There’s two major (no pun intended) ways to store 2D arrays: Row-major and Column-major. Row-major is the default layout in C, Pascal and most other programming languages; column-major is the default in FORTRAN and some numeric math-centric languages (mainly Matlab and R) – presumably because they started out as a kind of frontend for FORTRAN code.

Confusingly, the same terminology is also used by some people to denote whether you’re treating vectors as column vectors or row vectors by default. If you treat them as column vectors, you typically multiply a vector with a matrix from the left, i.e. the result of transforming a vector v by a matrix M is written $Mv$ . Transforming a vector by M then N is written as $NMv$ , which I thought was backwards and confusing when I first saw it, but it has the big advantage of being consistent with the way we usually write function evaluation and composition: $NMv = N(M(v)) = (N \circ M)(v)$ (treating a matrix and its associated linear map given the standard basis as the same thing here).
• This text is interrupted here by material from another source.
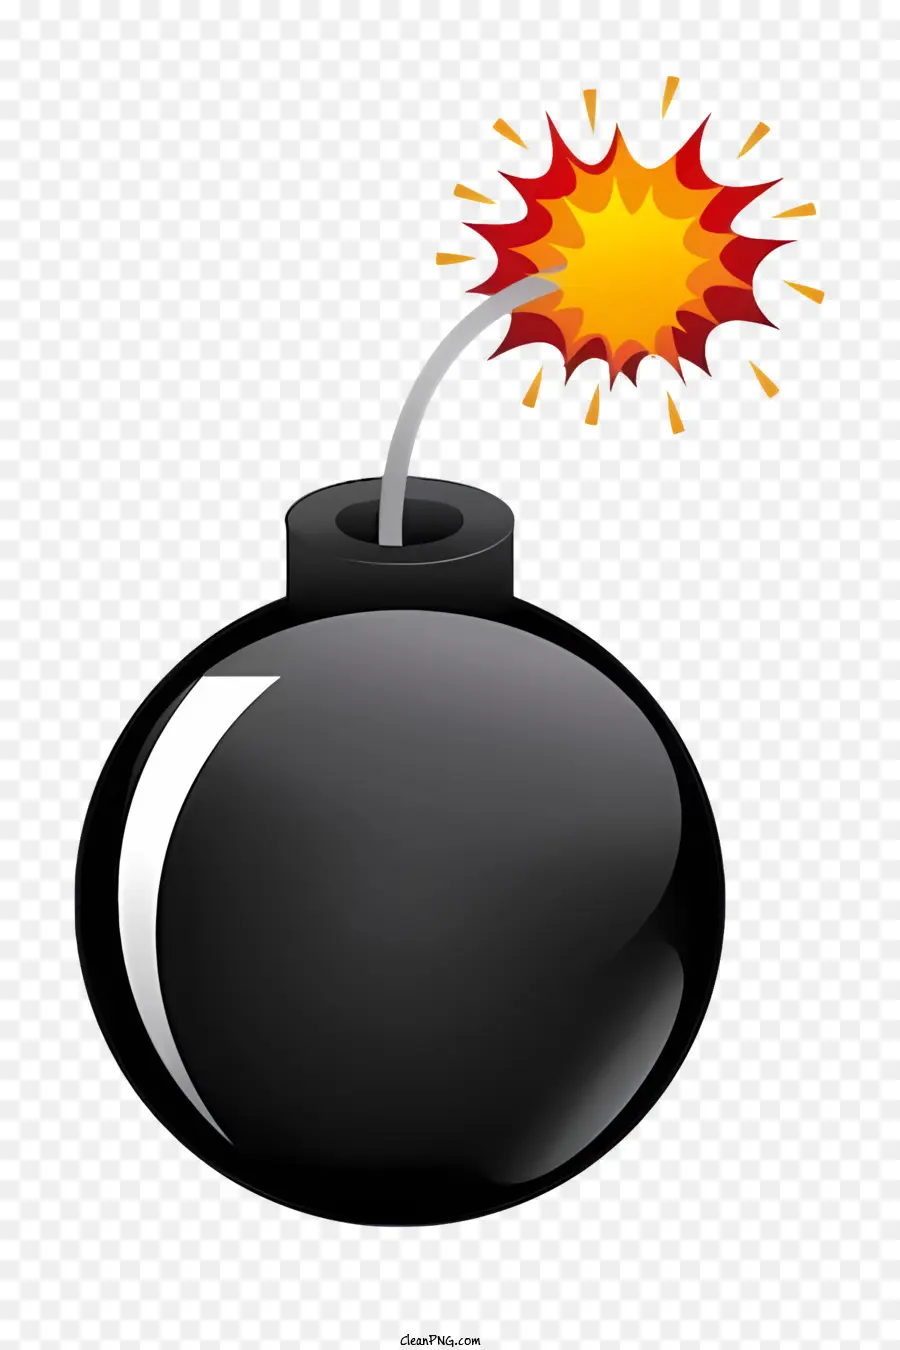 Explosive Gefahr von Timer Bomb Bomb Flare - Schwarze Bombe mit rotem Fackel auf schwarzem Hintergrund

This is why most Maths and Physics texts generally treat vectors as column vectors (unless specified otherwise). The “row-major” convention defaults to row vectors, which means you end up with reverse order: $vMN$ . This matches “reading order” (take v, transform by M, transform by N) but now you need to reverse the order when you look at the associated linear maps; this is generally more trouble than it’s worth.

Historically, IRIS GL used the row-vector convention, then OpenGL (which was based on IRIS GL) switched to column vectors in its specification (to make it match up better with standard mathematical practice) but at the same time switched storage layout from row-major to column-major to make sure that existing IRIS GL code didn’t break. That’s a somewhat unfortunate legacy, since C defaults to row-major storage, so you would normally expect a C library to use that too. ES got rid of a lot of other historical ballast, so this would’ve been a good place to change it.
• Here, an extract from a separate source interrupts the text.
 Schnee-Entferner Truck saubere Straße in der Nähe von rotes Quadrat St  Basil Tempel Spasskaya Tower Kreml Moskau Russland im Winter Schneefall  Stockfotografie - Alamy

Anyway, a priori, there’s no huge reason to strongly prefer one storage layout over the other. However in some cases, external constraints tilt the balance. I recently bitched a bit about OpenGL ES favoring column-major order, because it happens to be such a case, and column-major is the wrong choice. Don’t get me wrong, it’s by no means a big deal anyway, but it makes things less orthogonal than they need to be, which annoys me.
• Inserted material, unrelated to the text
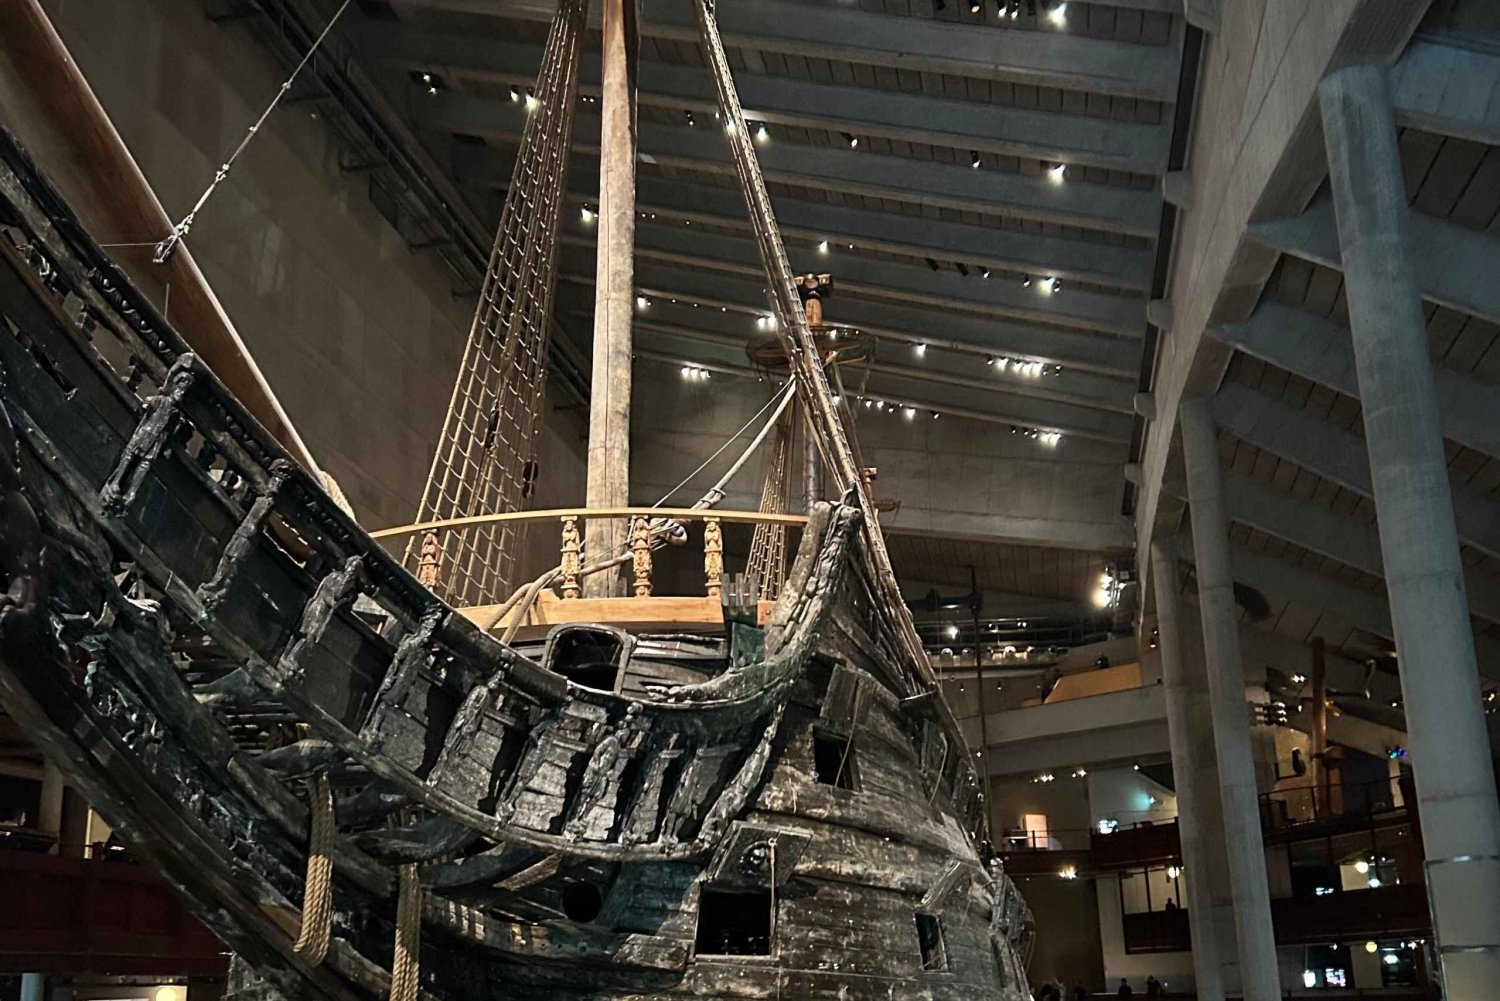 Stoccolma: Tour guidato del Museo Vasa, incluso il biglietto d'ingresso

GLSL and HLSL have vec4/float4 as their basic native vector data type, and shader constants are usually passed in groups of 4 floats (as of D3D10+ HW this is a bit more freeform, but the alignment/packing rules are still float4-centric). In a row-major layout, a 4×4 matrix gets stored as

struct mat4_row_major {
  vec4 row0;
  vec4 row1;
  vec4 row2;
  vec4 row3;
};

and multiplying a matrix with a 4-vector gets computed as

  // This implements o = M*v
  o.x = dot(M.row0, v);
  o.y = dot(M.row1, v);
  o.z = dot(M.row2, v);
  o.w = dot(M.row3, v);

whereas for column-major storage layout you get

struct mat4_col_major {
  vec4 col0;
  vec4 col1;
  vec4 col2;
  vec4 col3;
};

  // M*v expands to...
  o = M.col0 * v.x;
  o += M.col1 * v.y;
  o += M.col2 * v.z;
  o += M.col3 * v.w;

so column-major uses muls/multiply-adds whereas row-major storage ends up using dot products. Same difference, so far – generally, shaders take the exact same time for both variants. But there’s an important special case: affine transforms, i.e. ones for which the last row of the matrix is “0 0 0 1”. Generally almost all of the transforms you’ll use in a game/rendering engine, except for the final projection transform, are of this form. More concretely, all of the transforms you’ll normally use for character skinning are affine, and if you do skinning in a shader you’ll use a lot of them, so their size matters. With the row-major layout you can just drop the last row and do this:

  // M*v, where M is affine with last row not stored
  o.x = dot(M.row0, v);
  o.y = dot(M.row1, v);
  o.z = dot(M.row2, v);
  o.w = v.w; // often v.w==1 so this simplifies further

while with the column-major layout, you get to drop the last entry of every column vector, but that saves neither memory nor shader instructions. (As an aside, GL ES doesn’t support non-square matrix types directly; if you want to use a non-square matrix, you have to use an array/struct of vecs instead – another annoyance)

Furthermore, I generally prefer (for rendering code anyway) to store matrices in the format that I’m gonna send to the hardware or graphics API. On GL ES, that means I have to do one of three things:

Use 4×4 matrices everywhere and live with 25% unnecessary extra arithmetic and memory transfers,
Have my 3×4 matrix manipulation use row-major layout while 4×4 uses column-major,
Avoid the GL ES builtin mat4 type and use a vec4[4] (or a corresponding struct) instead.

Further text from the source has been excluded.